DATA SHOWN ::
========
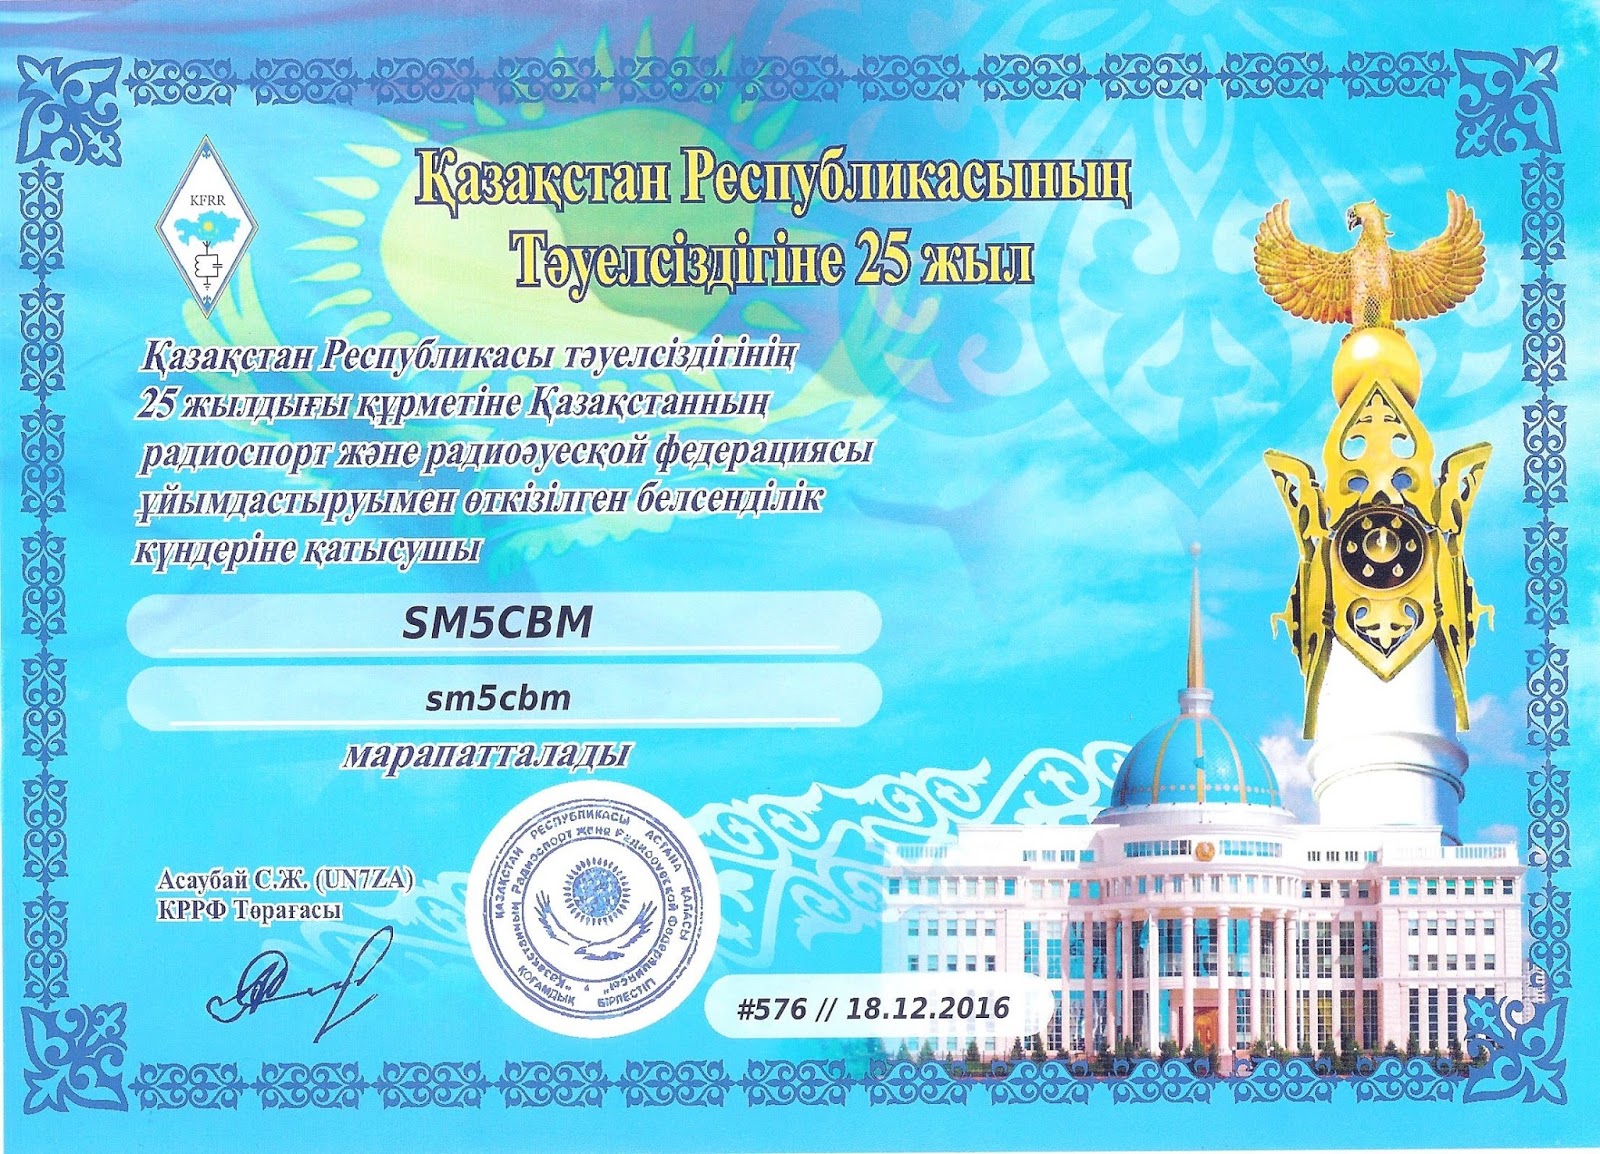 Телефон на казахском языке. Грамота Казахстан. Грамоты на день независимости. Грамоты для независимости РК. Грамота ко Дню независимости РК.
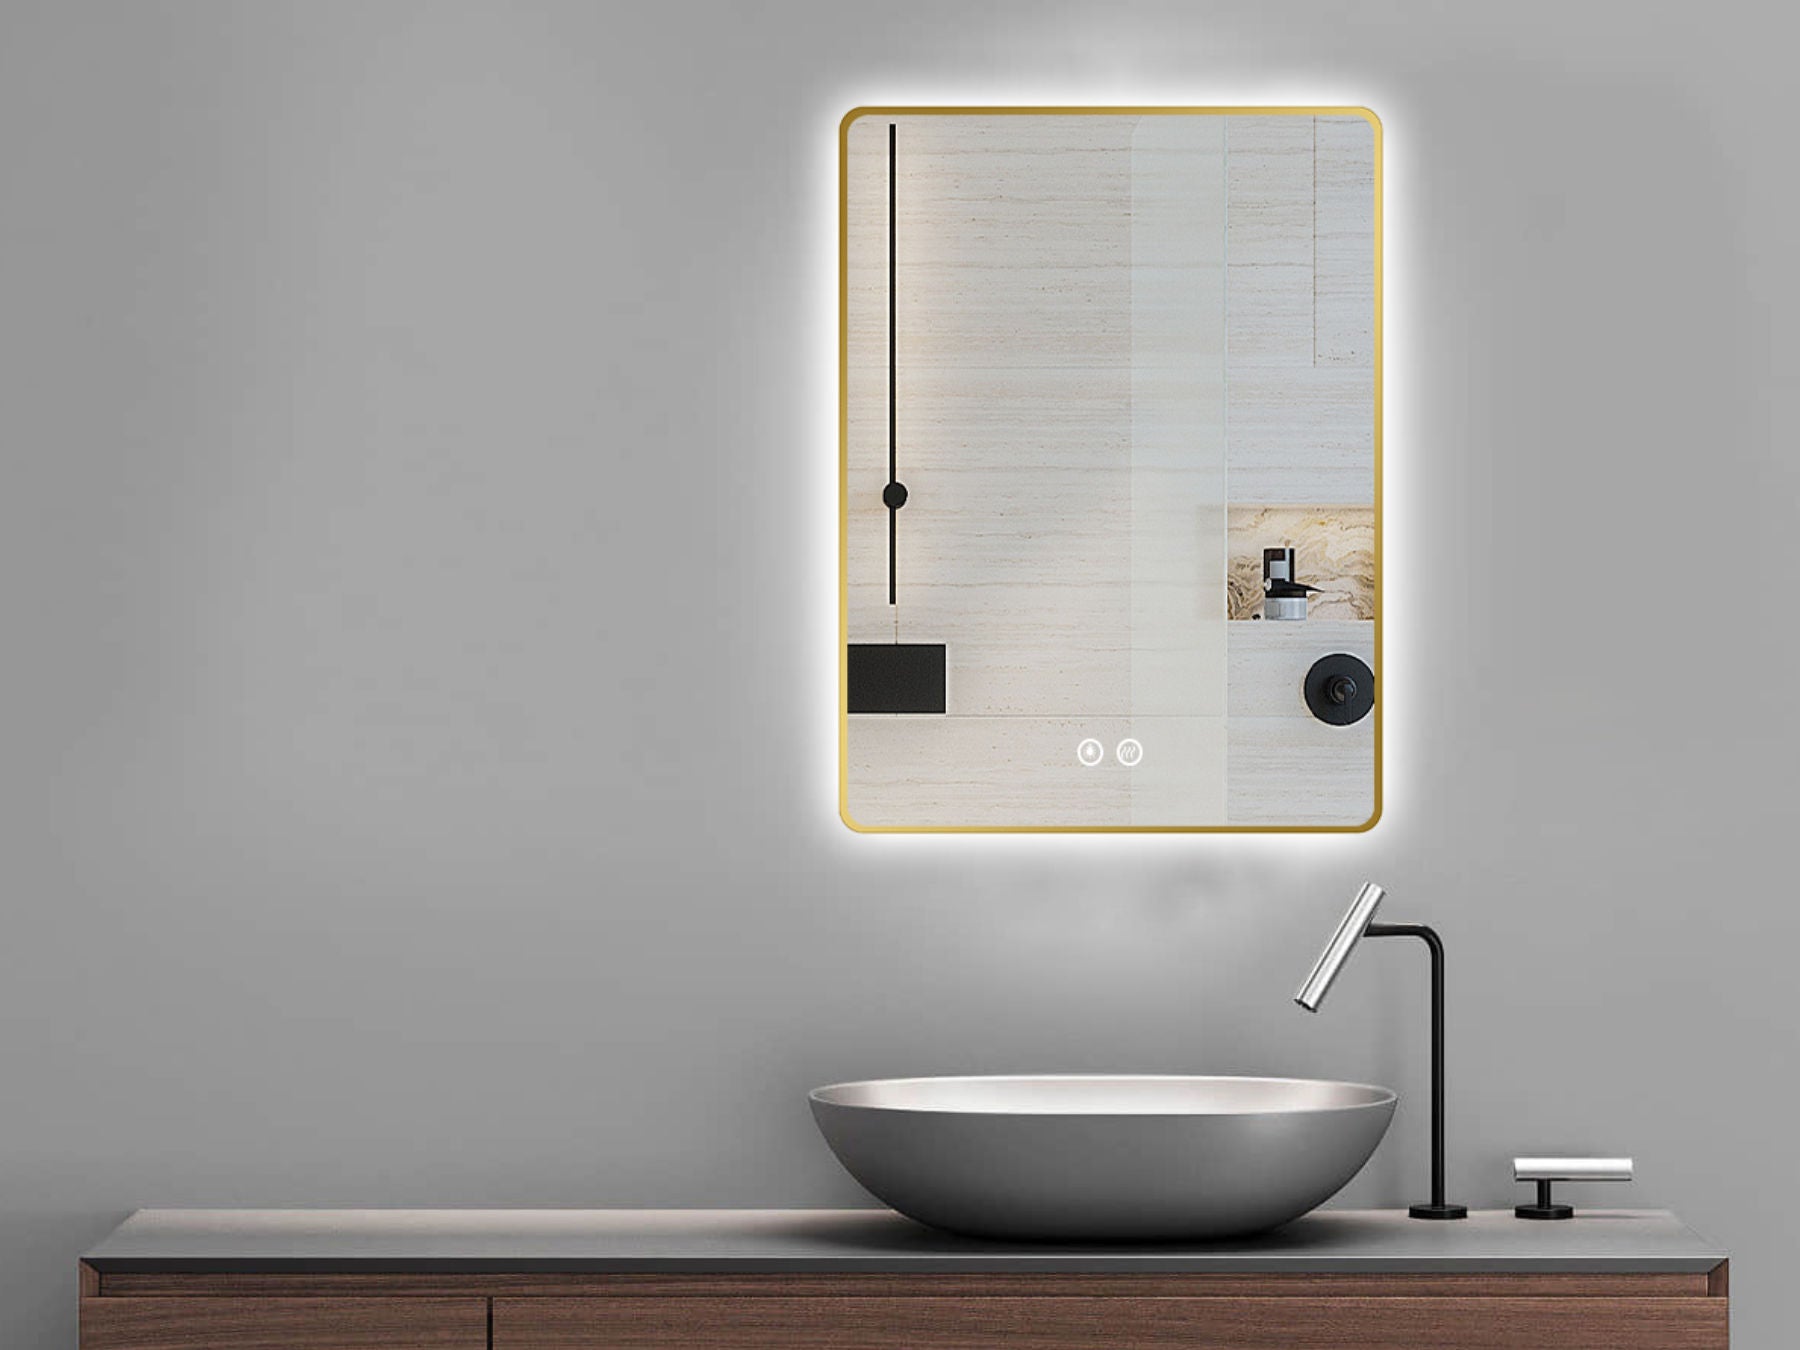 LED Badspiegel, design Badspiegel, Badspiegel mit led Beleuchtung
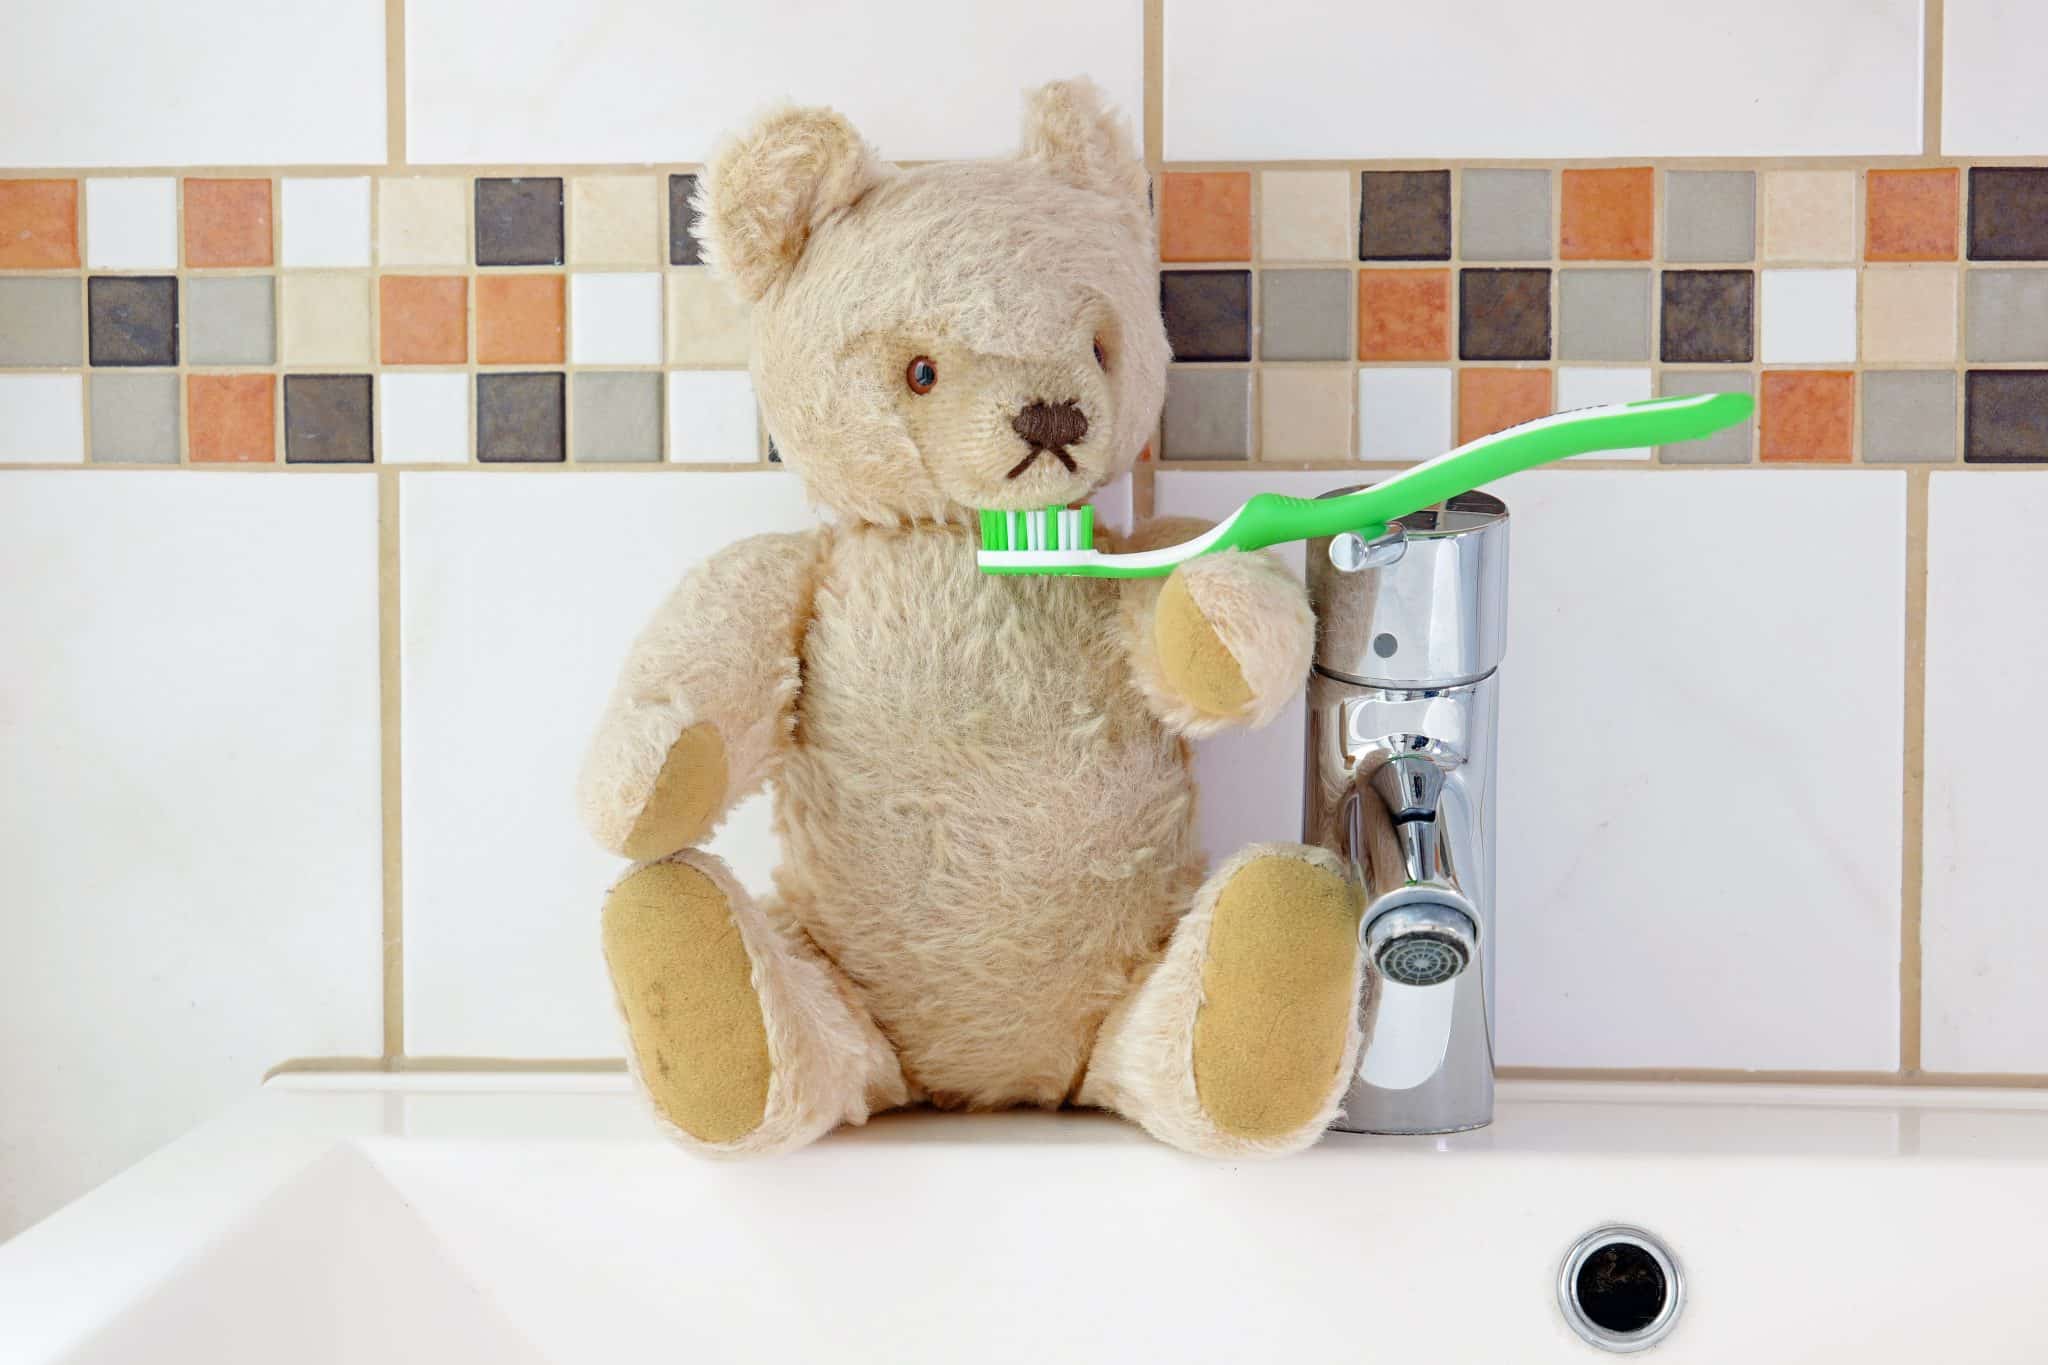 Detailaufnahme eines Waschbeckens, auf dem ein Teddybär sitzt, der eine Zahnbürste auf dem Arm hat
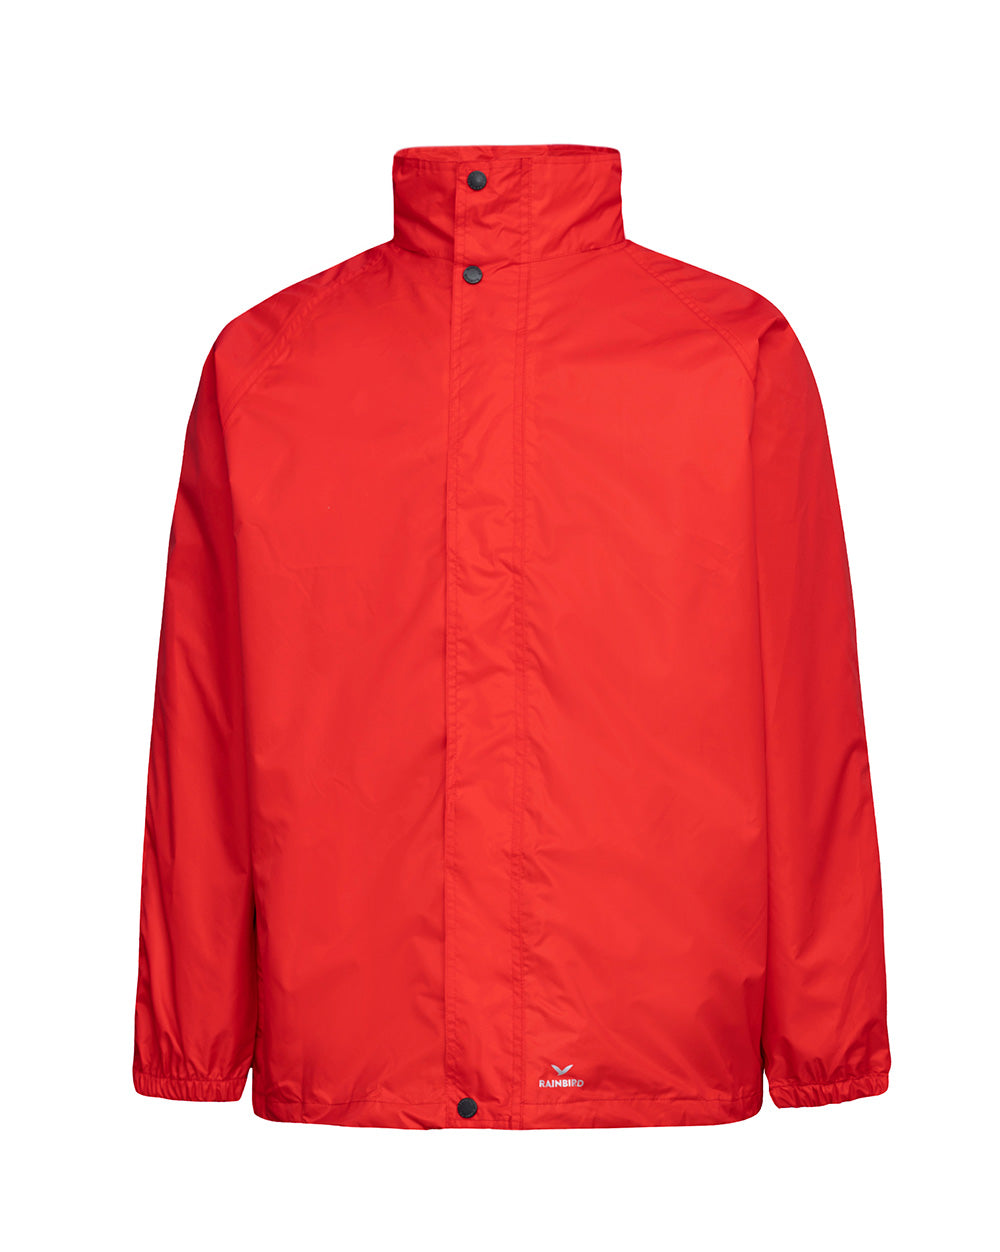 STOWaway Jacket in Red
========
TASK BRIEF ::
All that is needed is the lines from the line holding "Detailaufnahme eines Waschbeckens, auf" to the final line of the listing above, repeated exactly, pictures excluded.

SOLUTION ::
 Detailaufnahme eines Waschbeckens, auf dem ein Teddybär sitzt, der eine Zahnbürste auf dem Arm hat
 STOWaway Jacket in Red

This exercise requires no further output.